You kicked el-douch-o's ass :)
And Dzer's words are getting me all excited.
-N
What a total douche..
When I tried the whole on-line dating thing, I was constantly reminded and never surprised at the completely self-absorbed, lucky you, attitude that most of the opposite sex seemed to possess.. fuck 'em! I'm so glad that I found J...
BTW..
I loved your response.
You kick ASS!
Chris--there will be no self depricating on this blog unless that self depricating is done by me. you know i love you, my little shmoopsie ;)
Dzer--i think everything i type is verbosity for verbosity's sake.
Nat: i love kicking douche ass. hollllaa
Heather: yea, you're definately lucky to be out of the dating pool. it never ceases to amaze me how stupid men are. even my own fucking boyfriend makes me sit back in utter disbelief a lot of the time with the shit that comes out of his mouth.
ahh to be able to lab create men *sigh*
also, it's always fun when they have to go to the race card ... not just a jerk, but a bigot to boot ...
small minded bigot is the new black!
i could be offended, but i'm not..i mean, i can only get so offended when mullet-sporting white trash spawn actually has the gall to call me big breasted and jewish.
mmmmm...big breastested and Jewish...mmmmm delicious.
Actually, you need to get a couple of these fucktards on the hook.
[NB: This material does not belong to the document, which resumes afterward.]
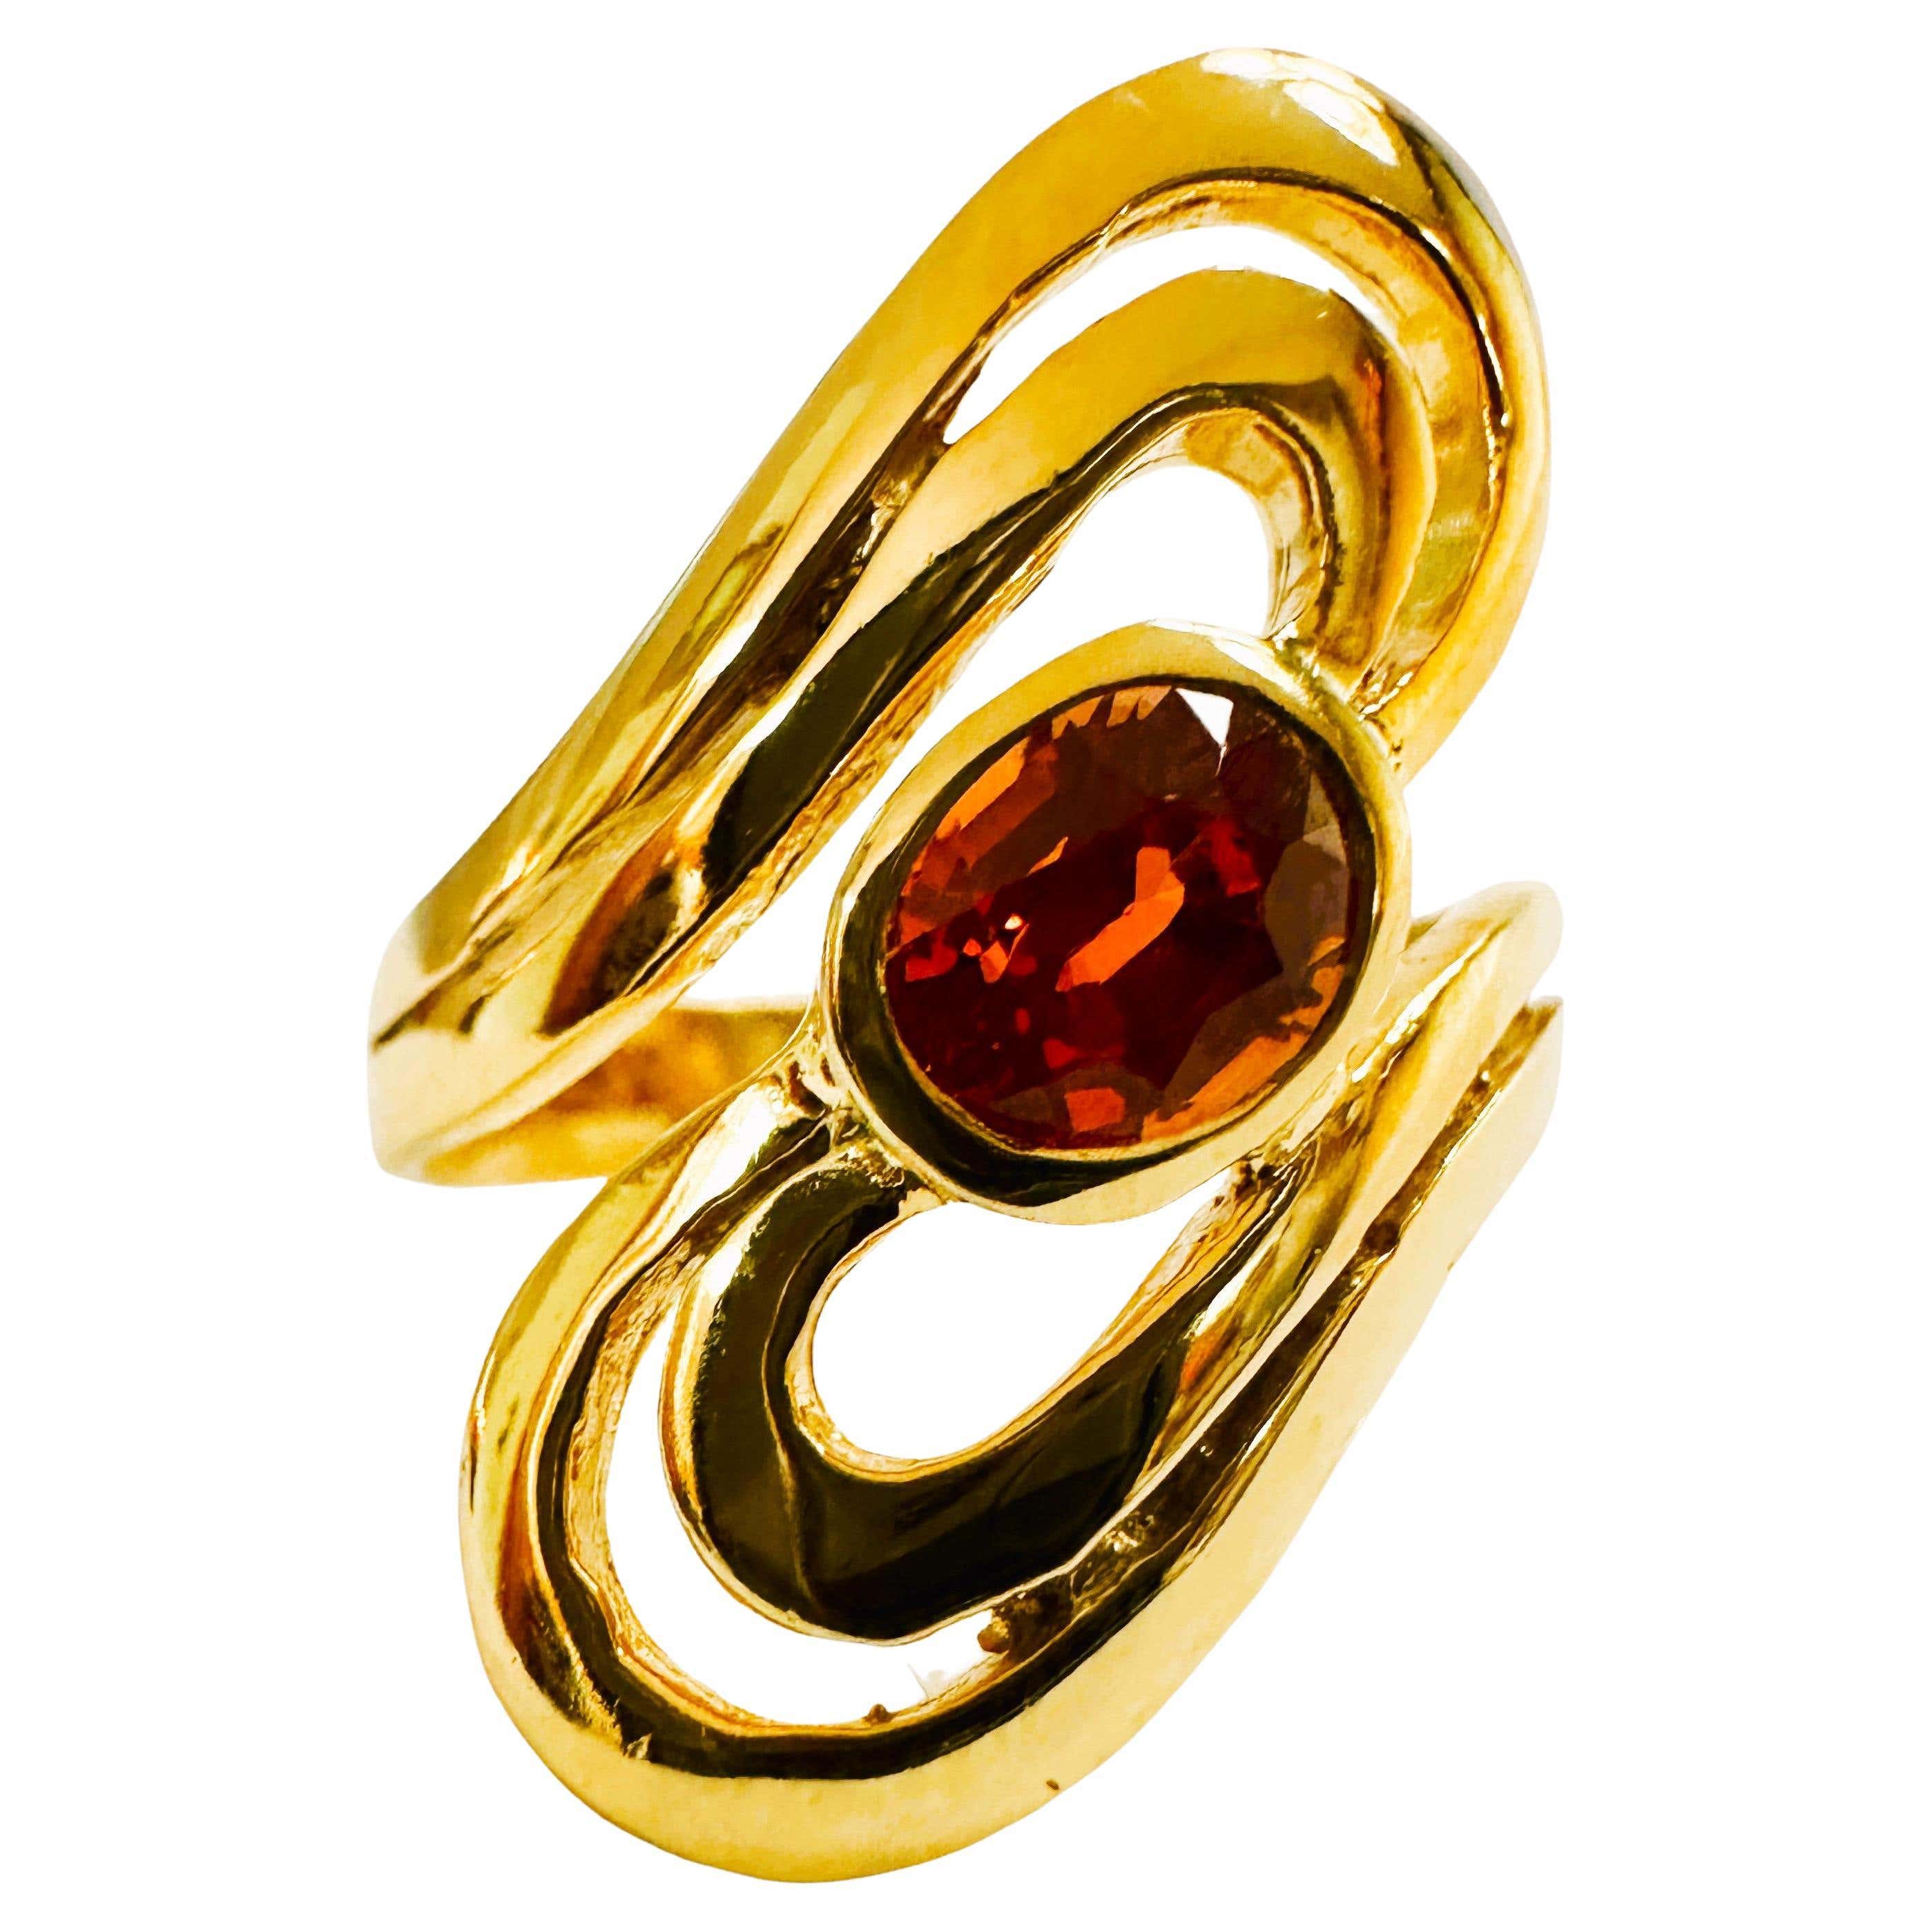 Nuevo anillo africano de 1,3 ct de granate naranja mandarín chapado en oro amarillo de ley
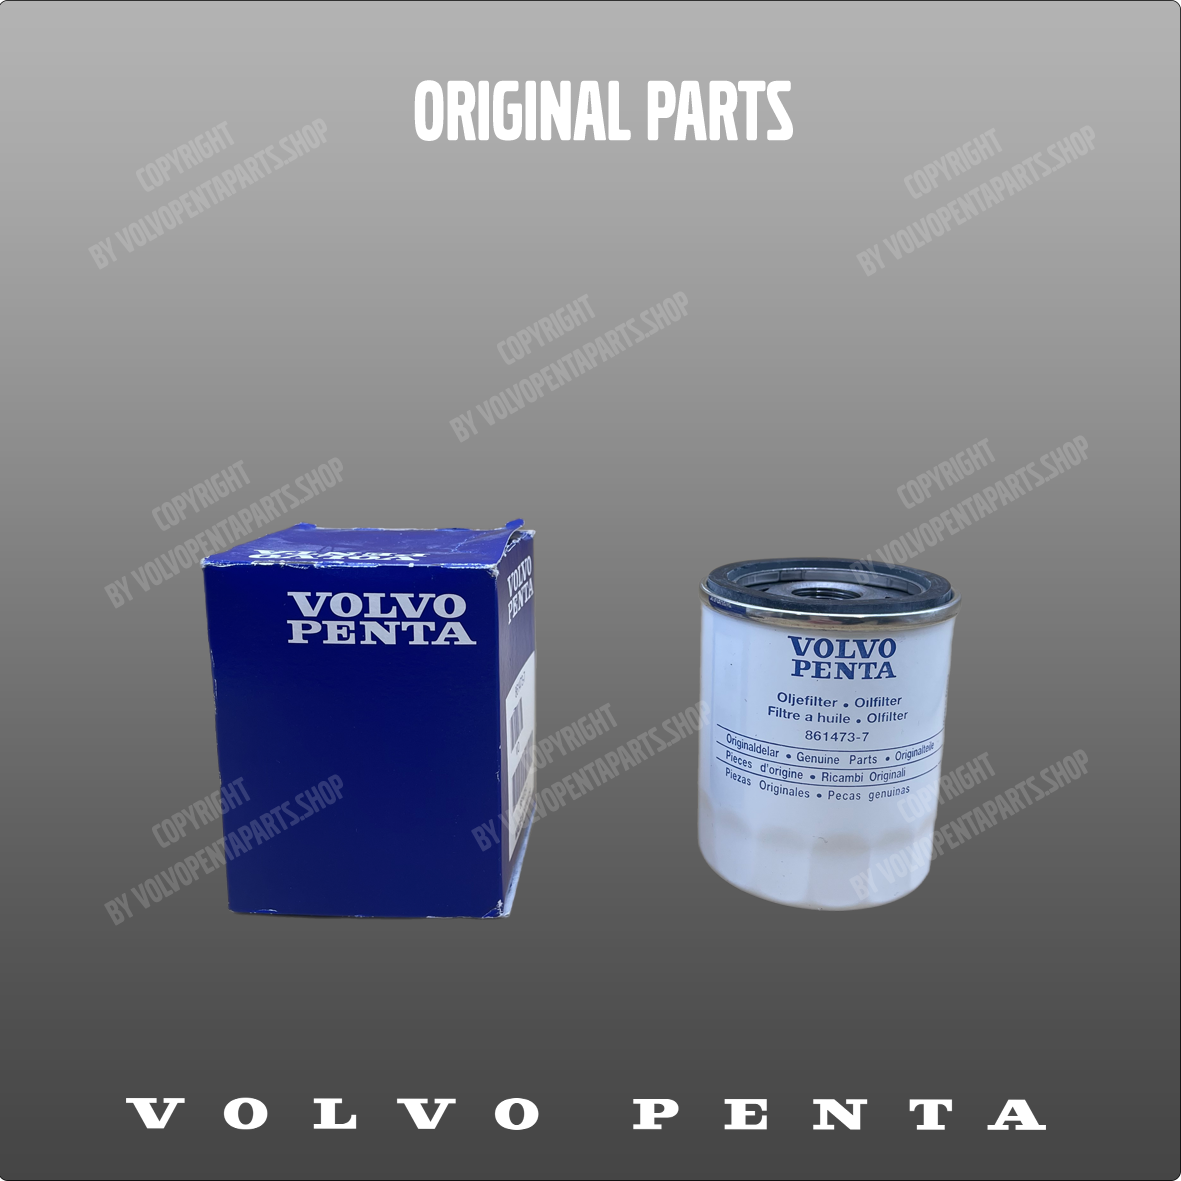 Volvo Penta oil filter 861473

They make for great entertainment.
You are hilarious! do you have a myspace?
ROTFL @ update :)
-N
Wow, at least something gave me a chuckle today. I am the KING of self loathing so I will self depricate and later self love..that's how I roll these days.
How dare you expect to be able to talk to somebody about what's going on in your life without putting out. Geesh!
El-douche-o is the perfect name.
one nice thing about online dating...it allows you to weed out at least some of the douchebags before you actually have to spend time with them in real life. And you definitely weeded out one of them.
Ah, it's nothing that a few ass-kickings, heart-stompings, and years in therapy to deal with his rabid woman-hating can't cure. ;)
Is big breasted and Jewish really an insult?